For the last part of this assignment, we're going to migrate to a popular deep learning framework called PyTorch. We will train and analyze a convolutional neural network on iWildCam, a dataset that contains camera trap images (https://sites.google.com/view/fgvc6/competitions/iwildcam-2019). We've subsampled this dataset to use only 3 classes, rather than the full dataset. 

This section of the assignment is a lot more open ended than the previous parts, (and in fact, can serve as the starting point for your final project, if you're interested) 

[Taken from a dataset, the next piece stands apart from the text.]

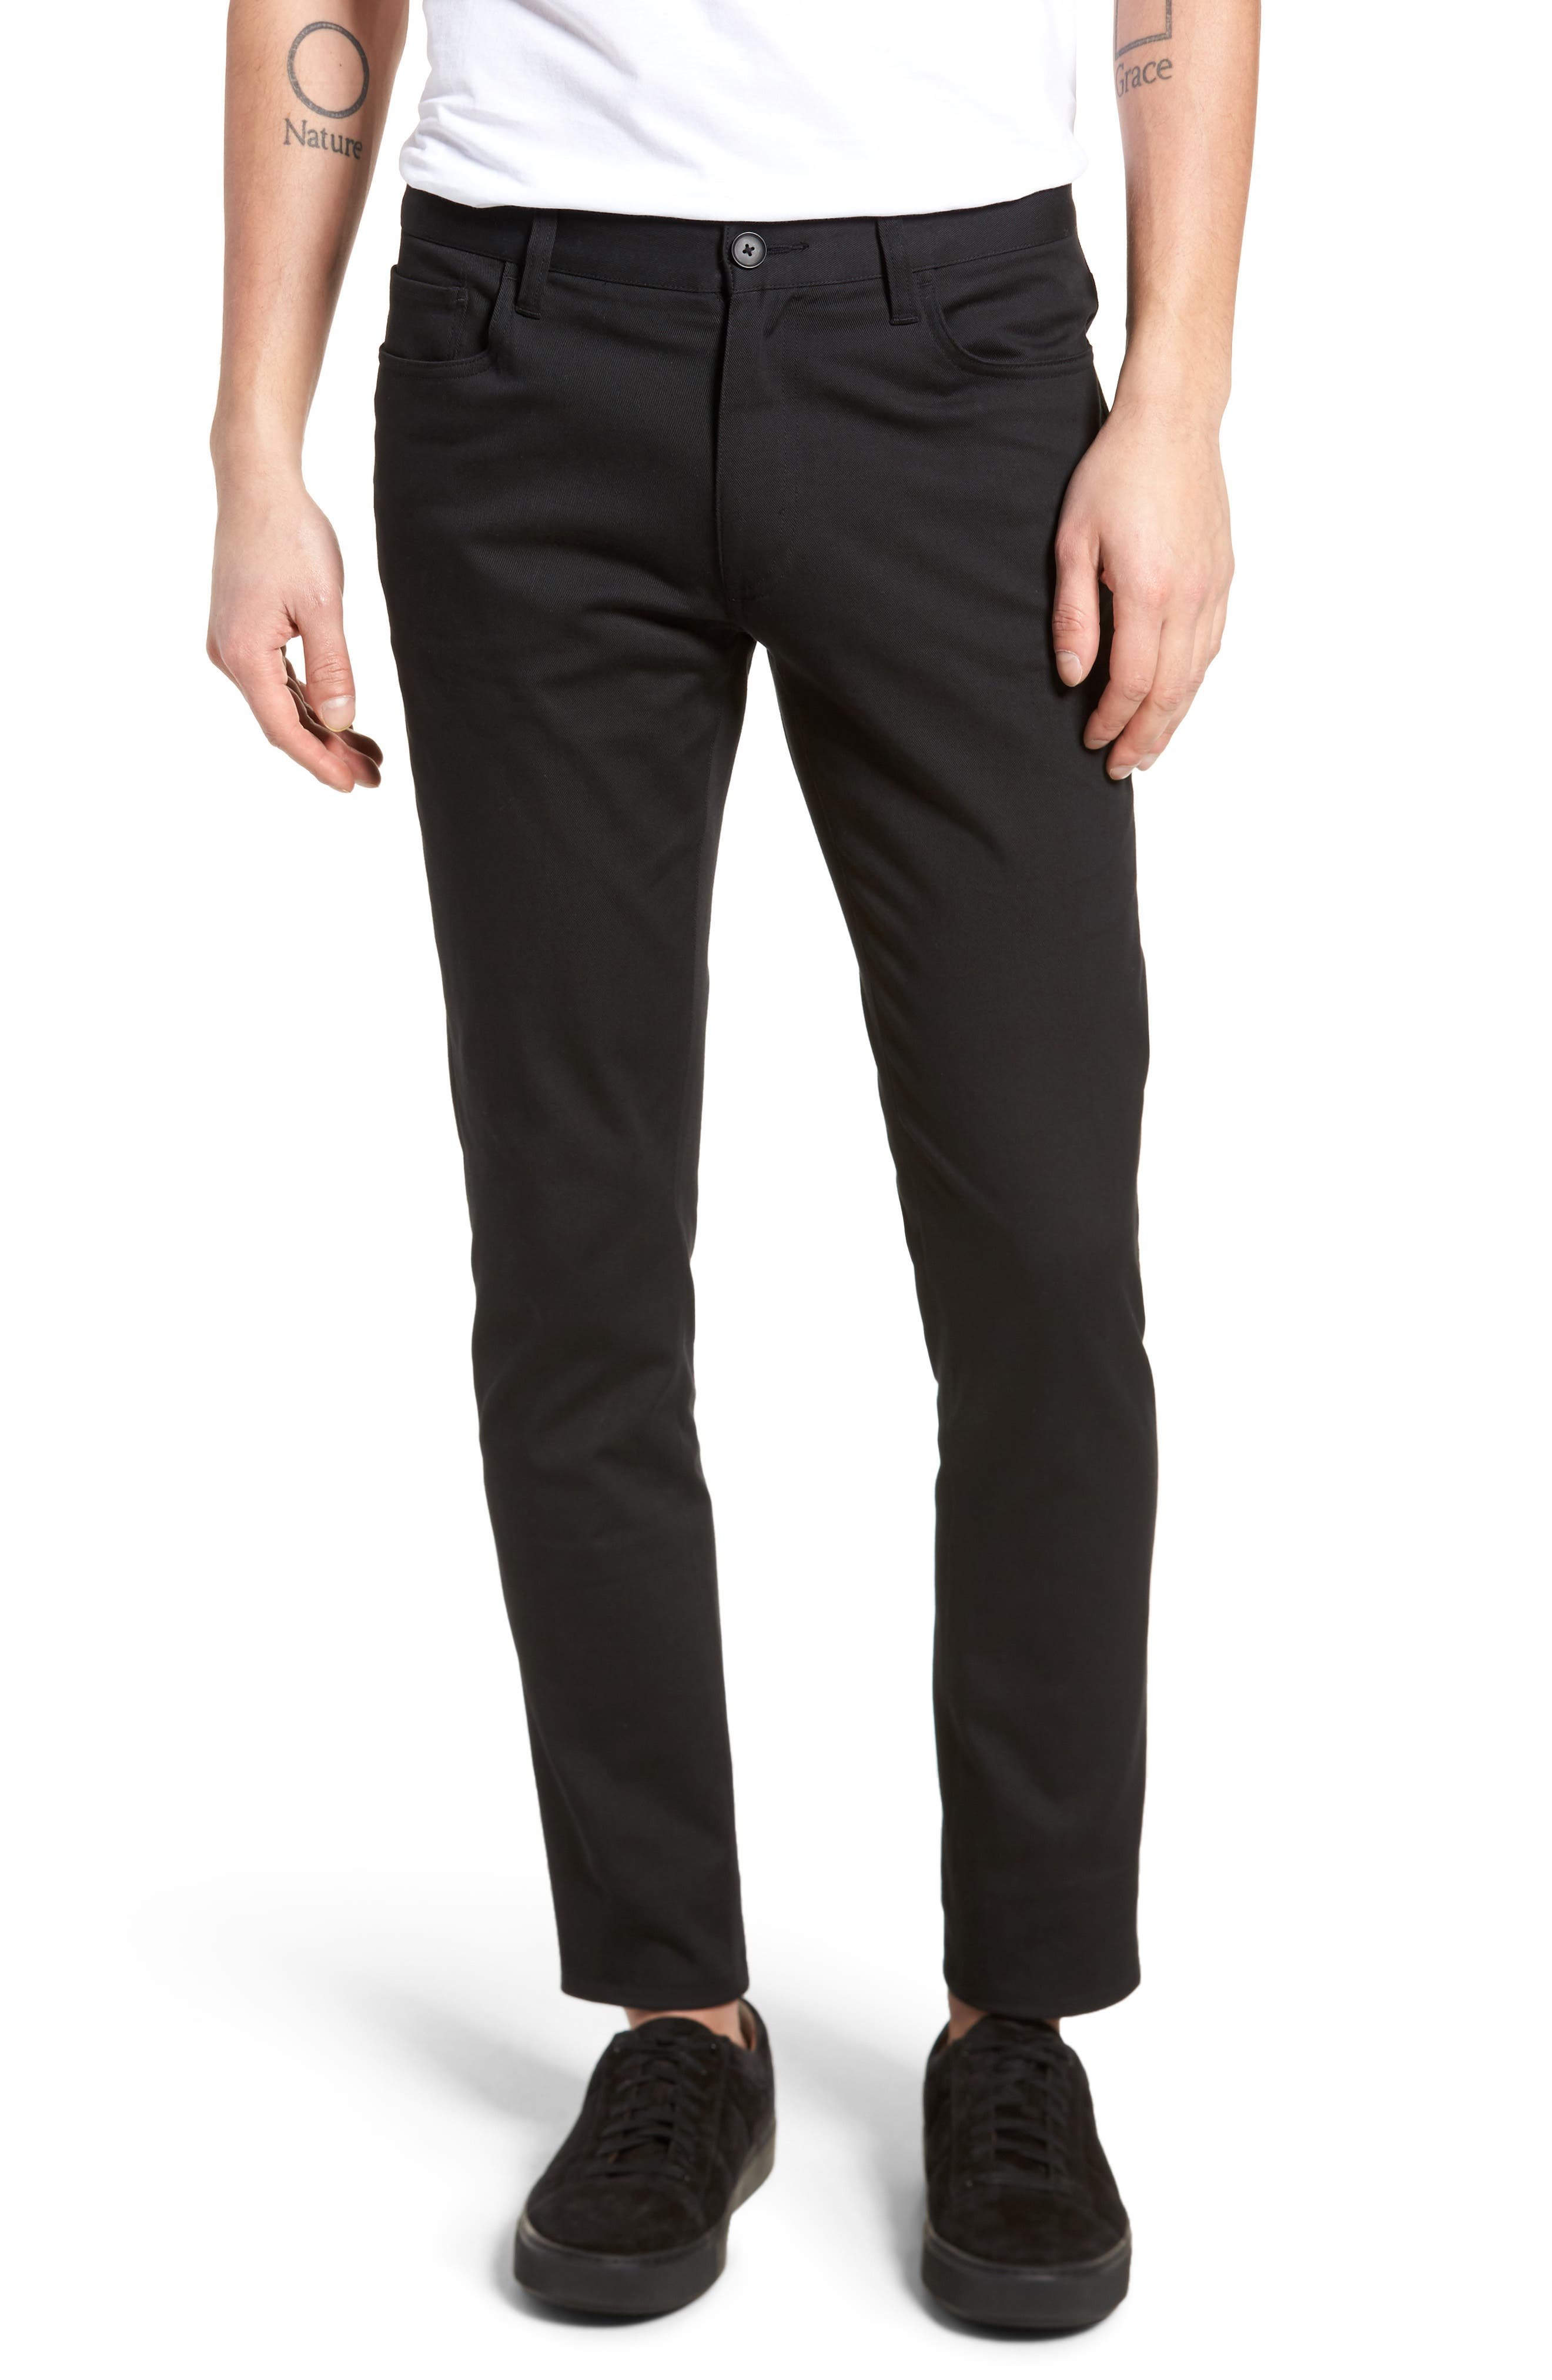 Skinny Slim Fit Pants,                             Main thumbnail 1, color,                             001

**Why use a deep learning framework?**
* Our code can now run on GPUs. You can use something like Google colab to use GPUs to train your code much faster. A framework like Pytorch interfaces directly with the GPU architecture without us having to write CUDA code directly (which is beyond the scope of this class).
* In this class, we want you to be ready to use one of these framework for your project so you can experiment more efficiently than if you were writing every feature you want to use by hand. 
* We want you to stand on the shoulders of giants! PyTorch is an excellent framework that will make your lives a lot easier, and now that you understand the guts of convolutional networks, you should feel free to use such frameworks. 
* Finally, we want you to be exposed to the sort of deep learning code you might run into in academia or industry.

**Note: We're going to be working at the highest level of abstraction within PyTorch. This should provide enough flexibility to be able to train a model for our purpose within this assignment, but you can do a lot more with PyTorch, if you're interested** You can go through this [tutorial](https://github.com/jcjohnson/pytorch-examples?tab=readme-ov-file) to understand more about the library itself.


*Thanks to instructors from Stanfords' CS231n, including Prof. Fei-Fei Li, Prof. Ranjay Krishna, and Prof. Justin Johnson for ideas and some starter code.*

In [None]:
import torch
import torch.nn as nn
import torchvision
import torchvision.transforms as T
from torch.utils.data import Dataset, DataLoader
from PIL import Image

In [None]:
USE_GPU = True
dtype = torch.float32 # We will be using float throughout.

if USE_GPU and torch.cuda.is_available(): 
    device = torch.device('cuda')
else:
    device = torch.device('cpu')

## Working with Data

Pytorch offers dataloaders to handle datasets easily. Here is a Dataset class written for the iWildCam dataset. Note the two required functions: `__len__()` that gives the length of the dataset and `__getitem__()` which retrieves a specific image and it's annotations 

We're interested in two aspects of each iWildCam image: the kind of animal (stored in `labels`) that we're using as the target variable and the camera trap location (stored in `locations`) for our analysis. `__getitem__()` returns both of these annotations as well as the image itself. Also note the transform - we convert the image to a form that we want to work with. Typically, we want the image to be a **`tensor`**, which is similar to a numpy array. 


In [None]:

class WildCamDataset(Dataset):
    def __init__(self, img_paths, annotations, transform=T.ToTensor(), directory='WildCam_3classes/train'):
        self.img_paths = img_paths
        self.annotations = annotations
        self.transform = transform
        self.dir = directory

    def __len__(self):
        return len(self.img_paths)

    def __getitem__(self, index):
        ID = '{}/{}'.format(self.dir, self.img_paths[index])
        img = Image.open(ID).convert('RGB')
        X = self.transform(img)             
        y = self.annotations['labels'][self.img_paths[index]]
        loc = self.annotations['locations'][self.img_paths[index]]
        return X, y, loc
    

In [None]:
import os
import json

# We often want to preprocess the image. Here, we're resizing all images to 112x112 and then normalizing 
# them. You can add additional transforms / data augmentations here, check out torchvision transforms: 
# https://pytorch.org/vision/stable/transforms.html
# Remember, if you do any kind of randomized data transformation during training, we need to find the (approximate)
# expected value during that during inference. 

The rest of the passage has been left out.